Copy all the data exactly, except the pictures.

RECORDED INFORMATION:
________

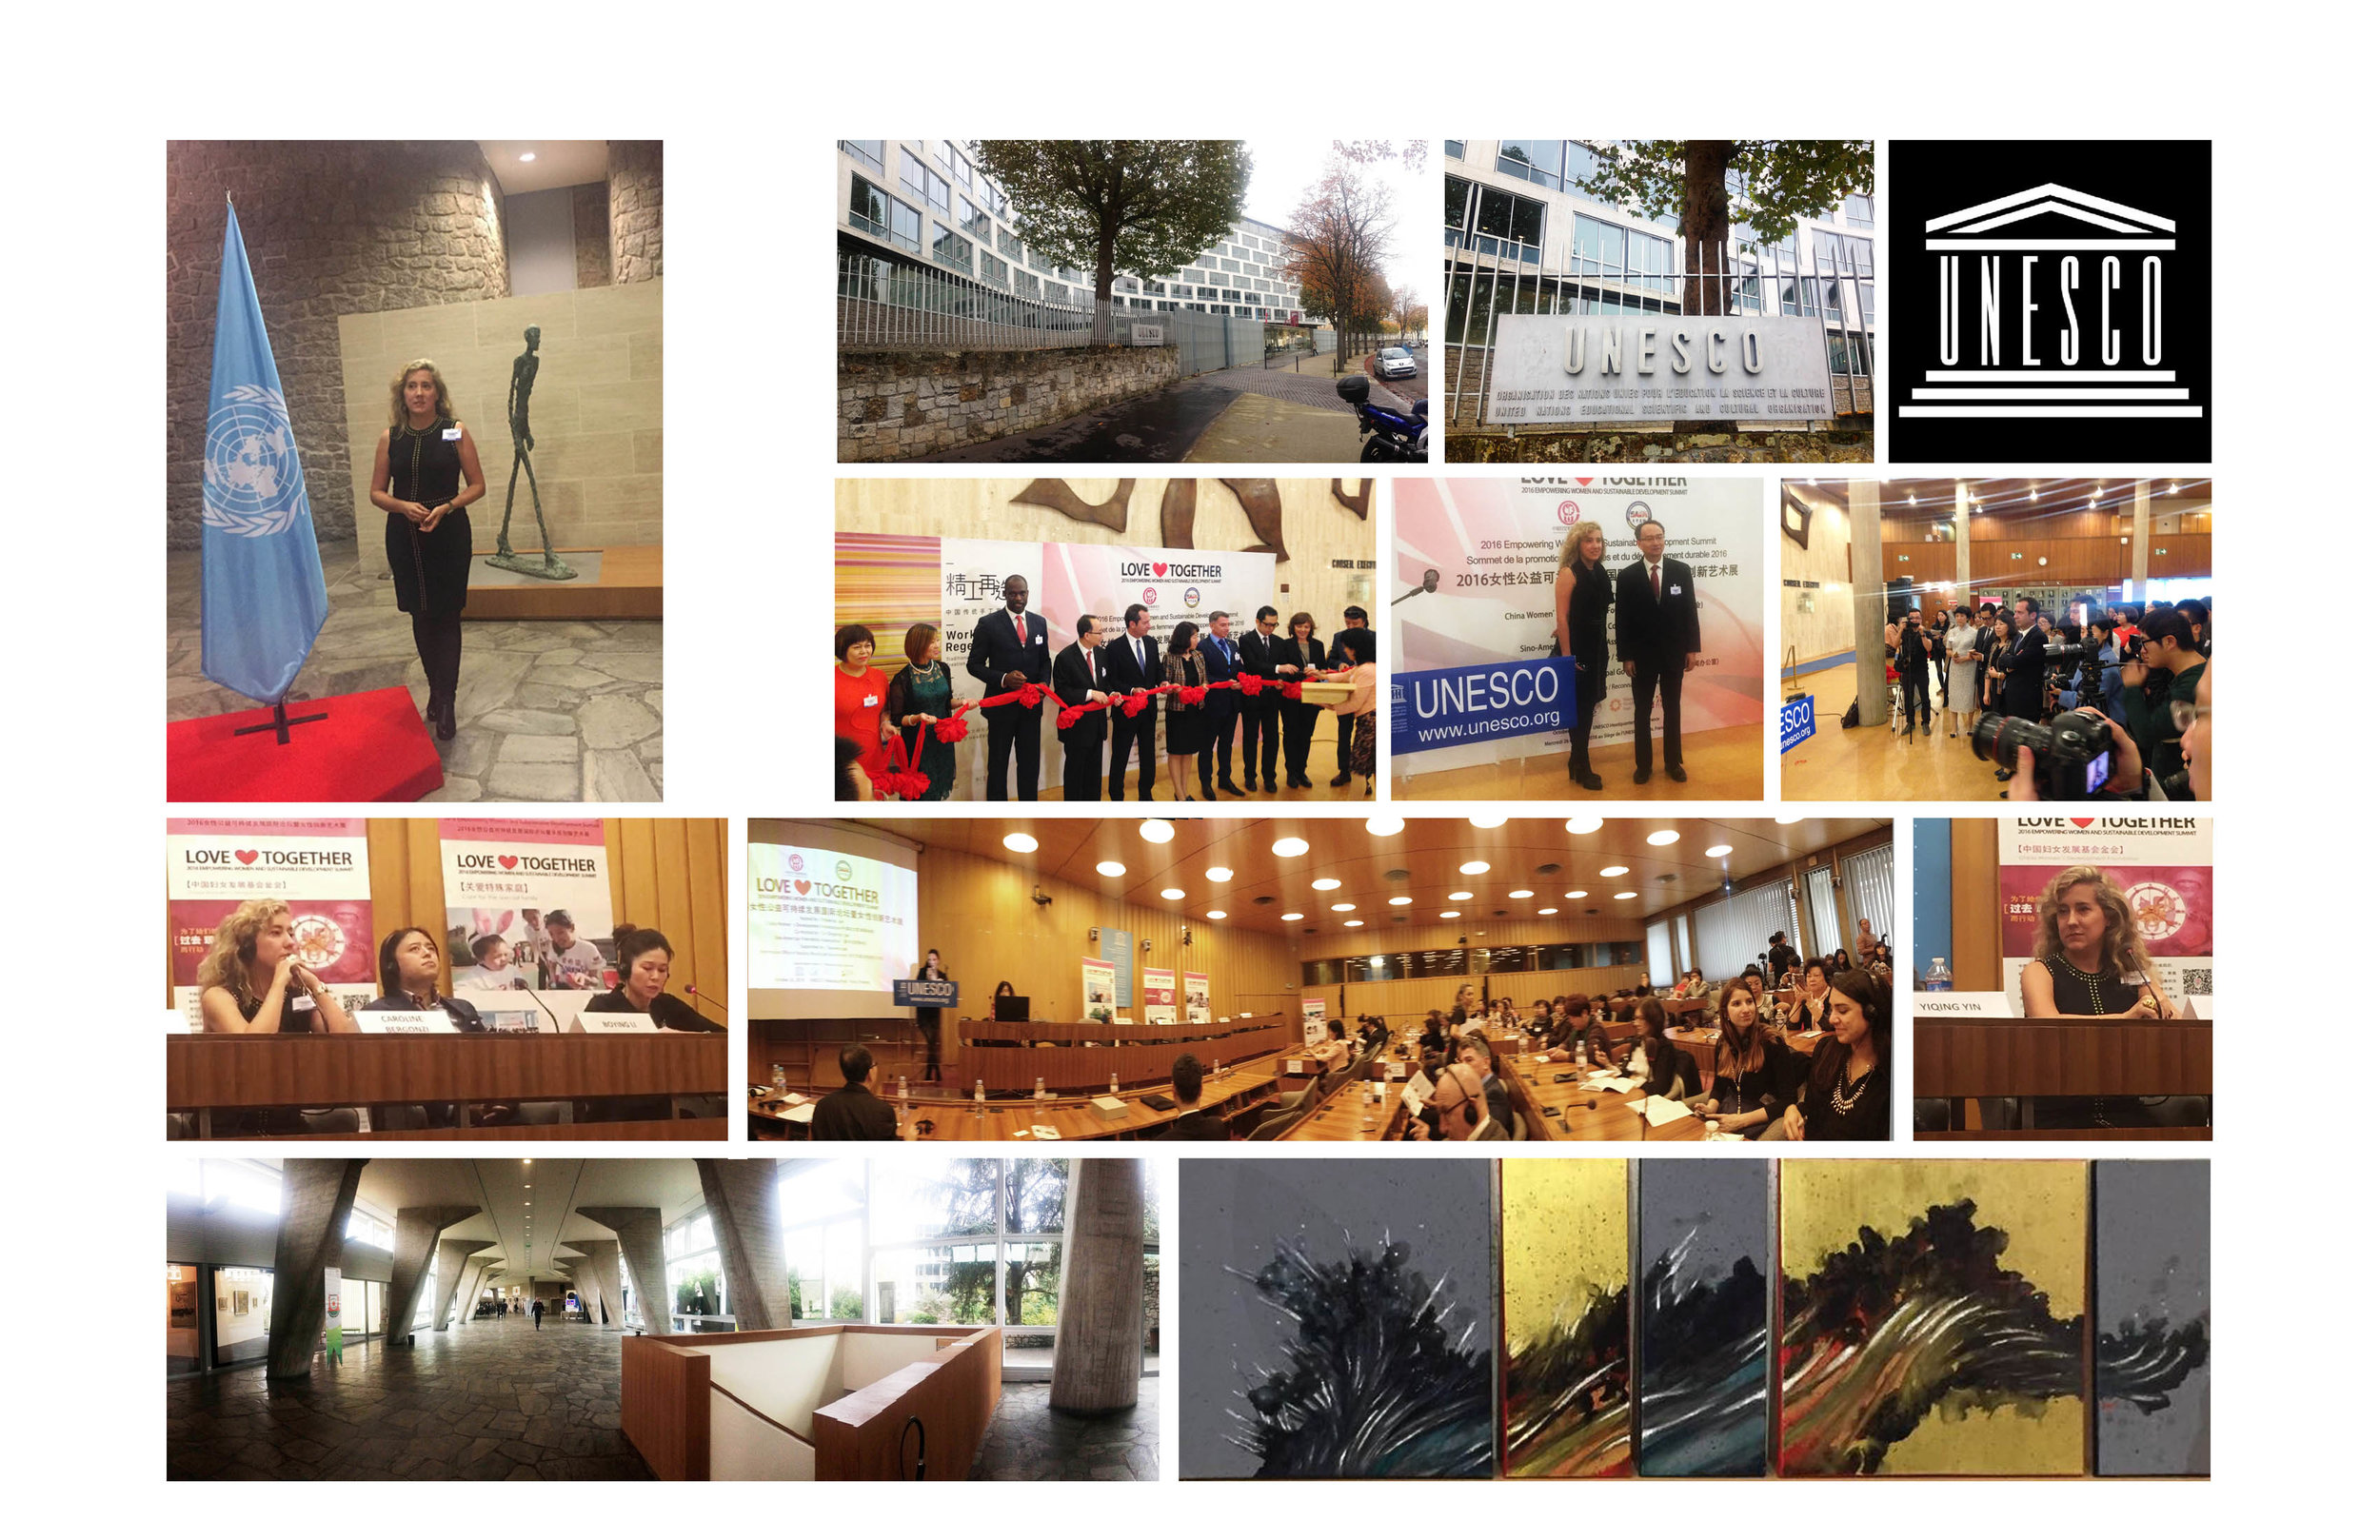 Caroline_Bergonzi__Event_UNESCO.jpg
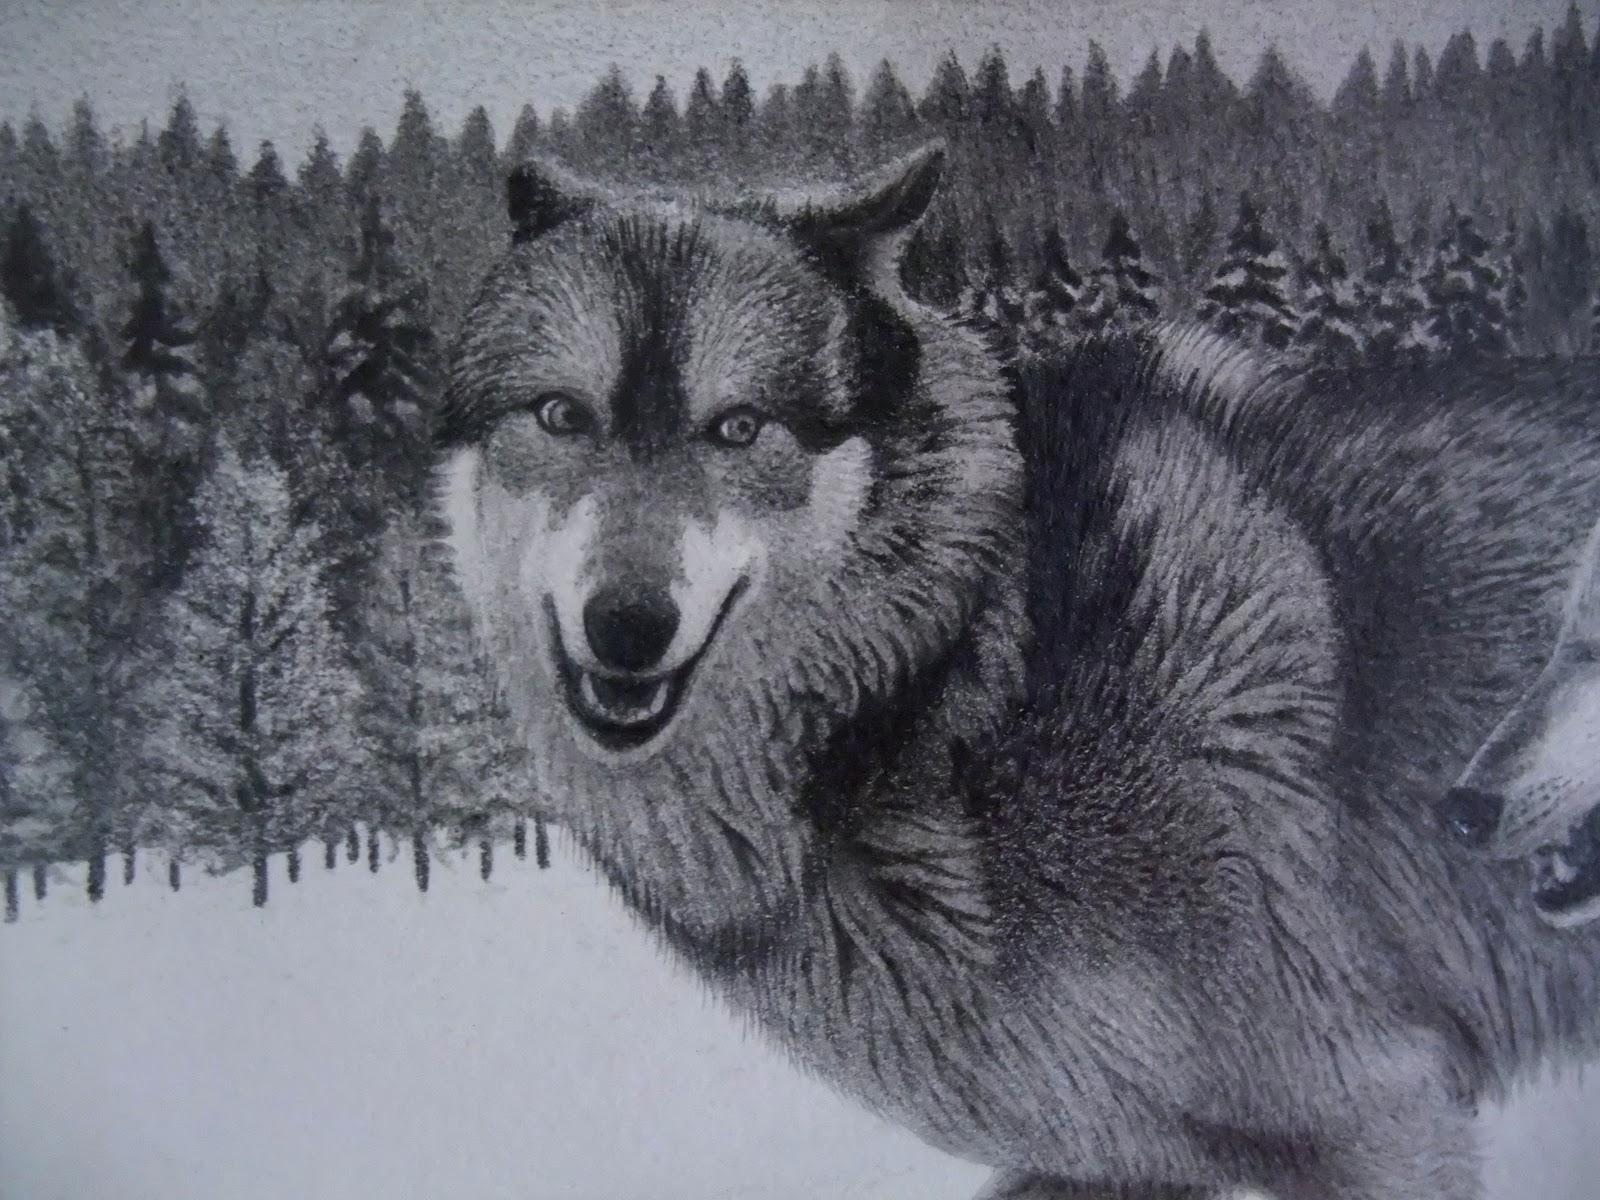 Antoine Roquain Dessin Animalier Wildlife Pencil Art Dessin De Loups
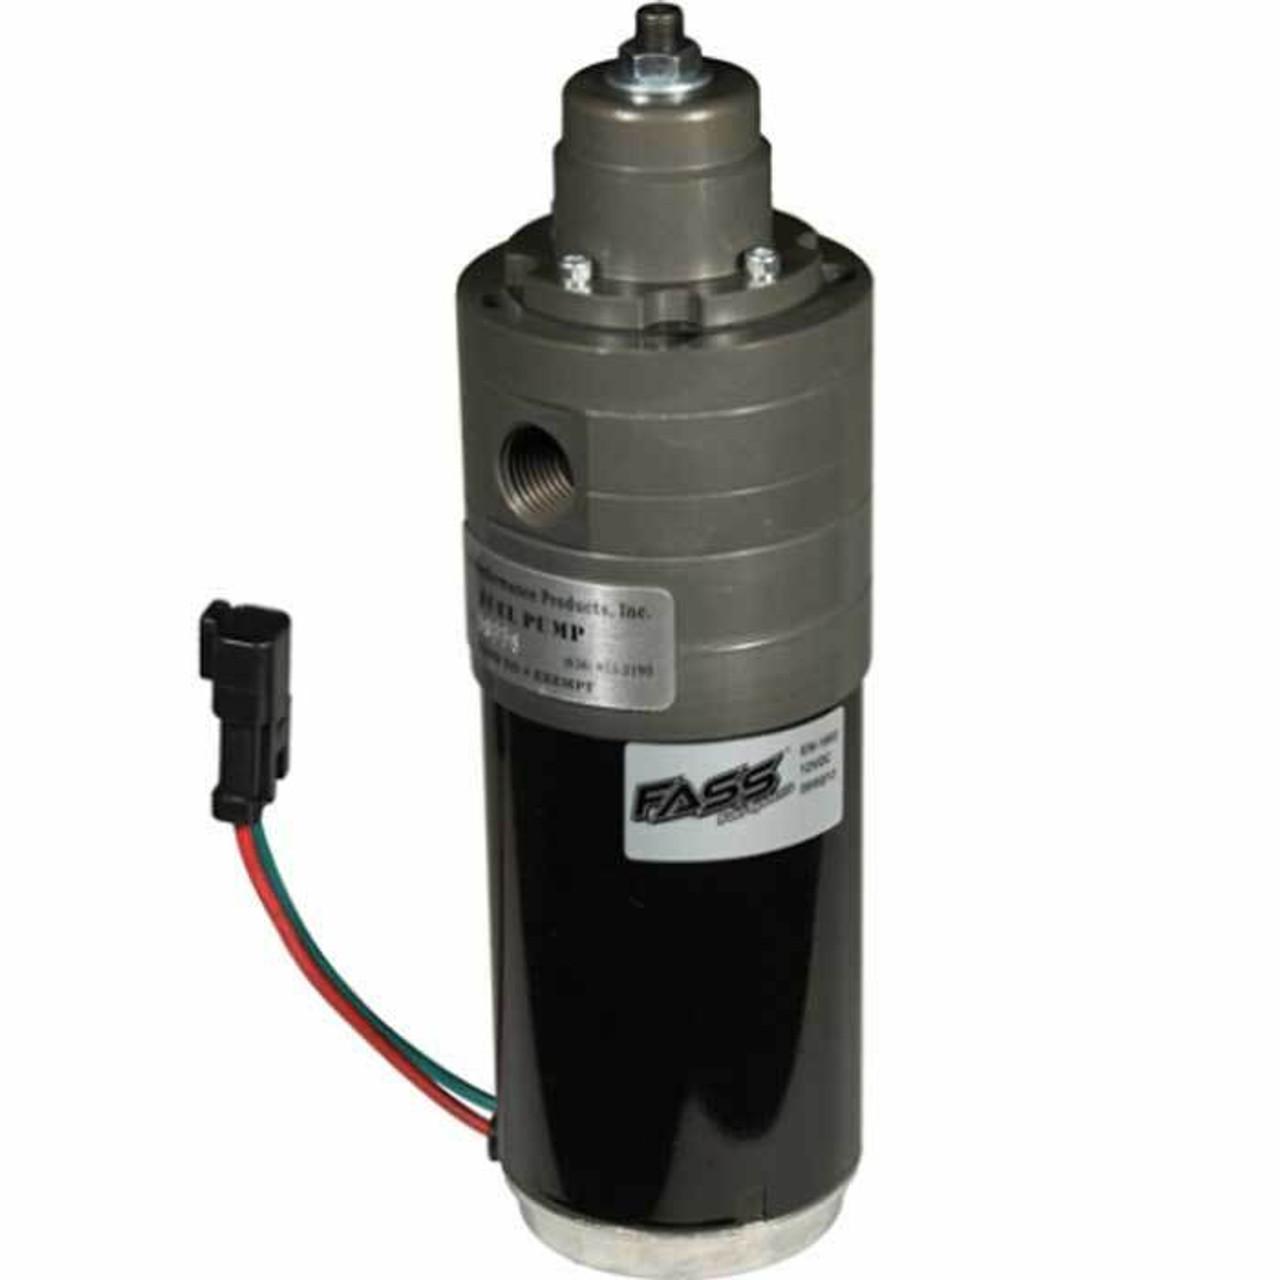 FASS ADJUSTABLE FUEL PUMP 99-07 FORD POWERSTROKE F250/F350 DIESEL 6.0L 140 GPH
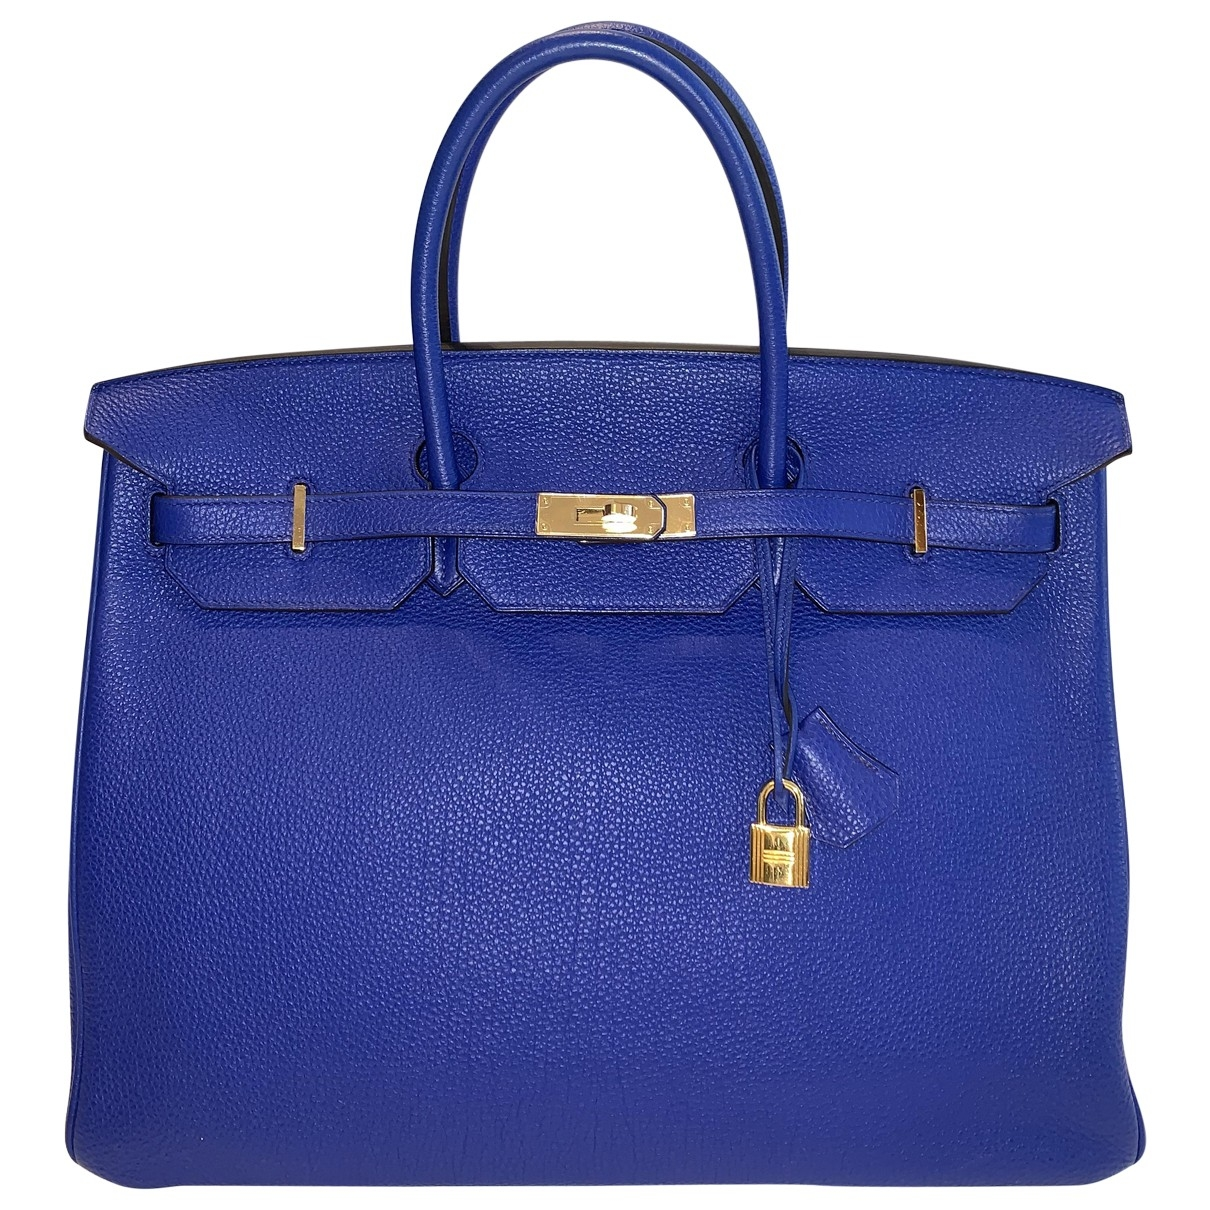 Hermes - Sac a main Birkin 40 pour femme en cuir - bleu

________

THE ANSWER:
 Caroline_Bergonzi__Event_UNESCO.jpg
 Antoine Roquain Dessin Animalier Wildlife Pencil Art Dessin De Loups
 FASS ADJUSTABLE FUEL PUMP 99-07 FORD POWERSTROKE F250/F350 DIESEL 6.0L 140 GPH
 Hermes - Sac a main Birkin 40 pour femme en cuir - bleu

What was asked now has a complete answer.